I profili da attenzionare in gara
Sono diversi i profili da attenzionare tra le righe dell’Arezzo, a cominciare dalla porta difesa dal giovane Alessandro Nunziante. Estremo difensore classe 2007 venuto in prestito dall’Udinese, Nunziante ha già dimostrato affidabilità nelle prime gare ufficiali della stagione, guadagnandosi finora l’indiscussa titolarità. Un giovane di grande prospettiva il cui valore si aggira intorno agli 1.8 milioni di euro, e che certamente l’Udinese ha preferito mandare a giocare nel campionato cadetto per coltivare ulteriormente il suo talento e la sua esperienza.

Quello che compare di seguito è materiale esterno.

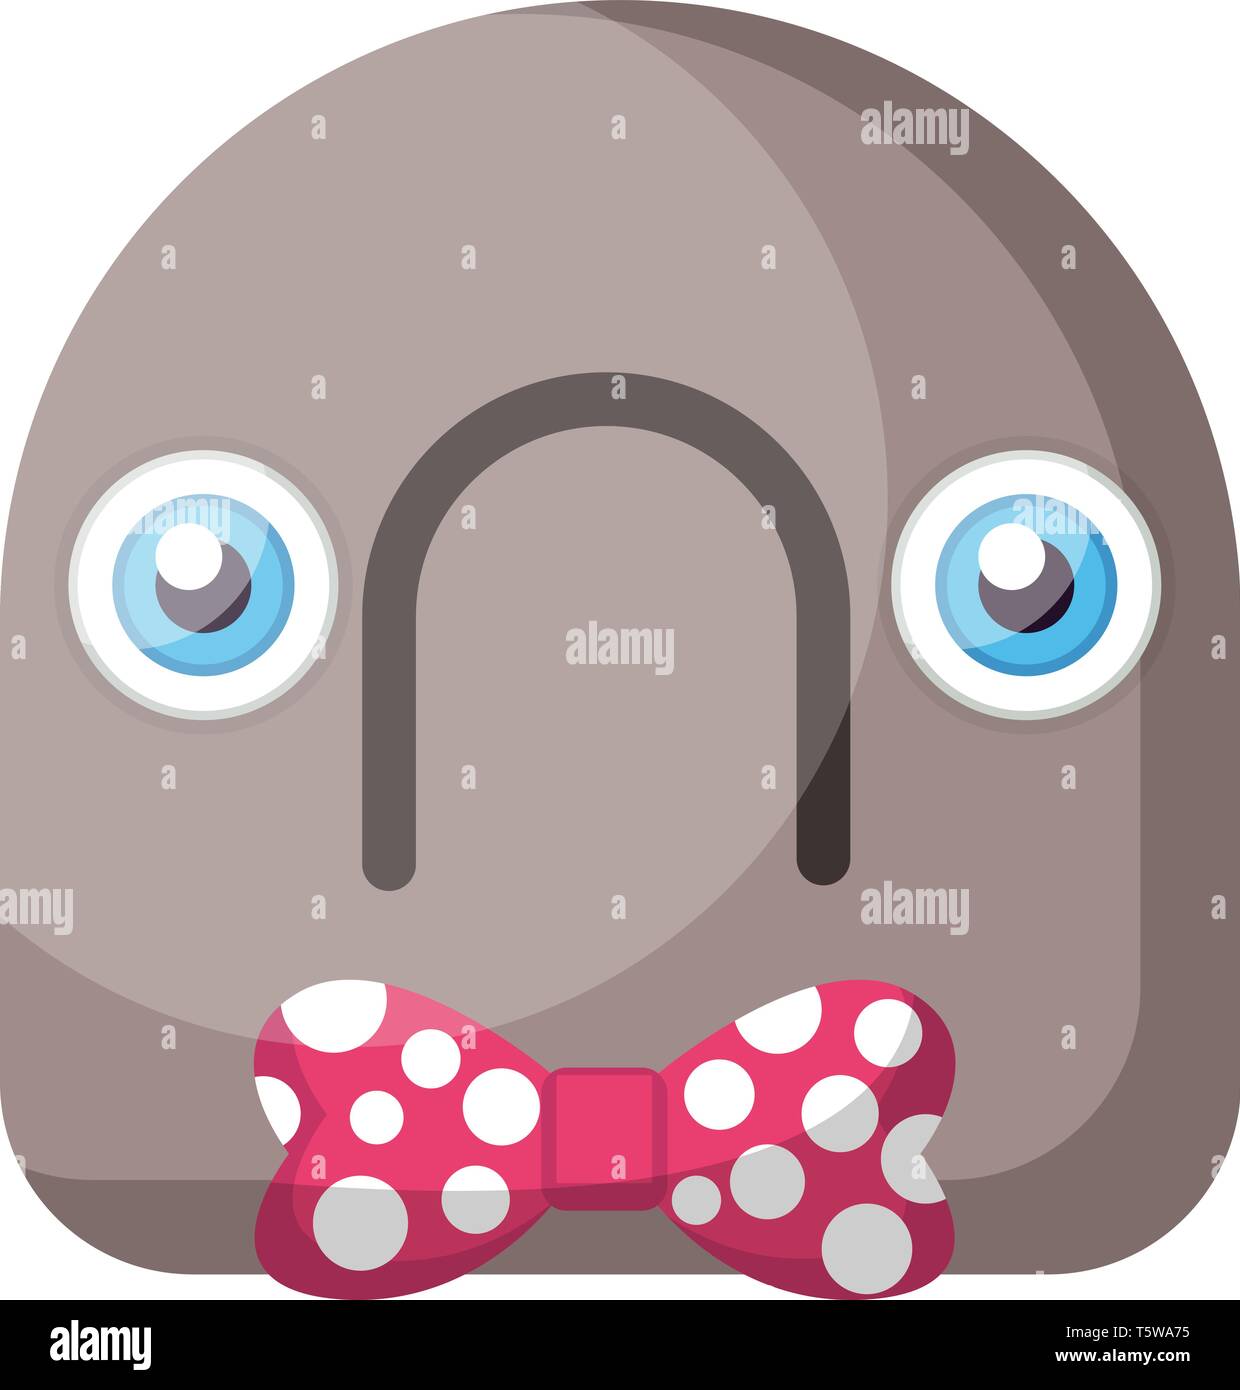 Emoji rond gris avec visage triste et noeud rose vector illustration sur  fond blanc Image Vectorielle Stock - Alamy

Tra gli “zoccoli duri” nelle righe dell’Arezzo è impossibile non nominare gli autori dei due gol contro l’Avellino: Pietro Cianci e Artur Ioniță. Entrambe pedine preziose nello scacchiere di mister Bucchi, che con lui sono riusciti a guadagnare la promozione in Serie B nella scorsa annata. Ioniță, che non segnava nel campionato cadetto dall’Aprile del 2024 nella gara tra Lecco e Reggiana, torna finalmente al gol in Serie B. Giornata speciale soprattutto per Cianci però, che debutta (e segna) per la prima volta nel campionato cadetto all’età di 30 anni.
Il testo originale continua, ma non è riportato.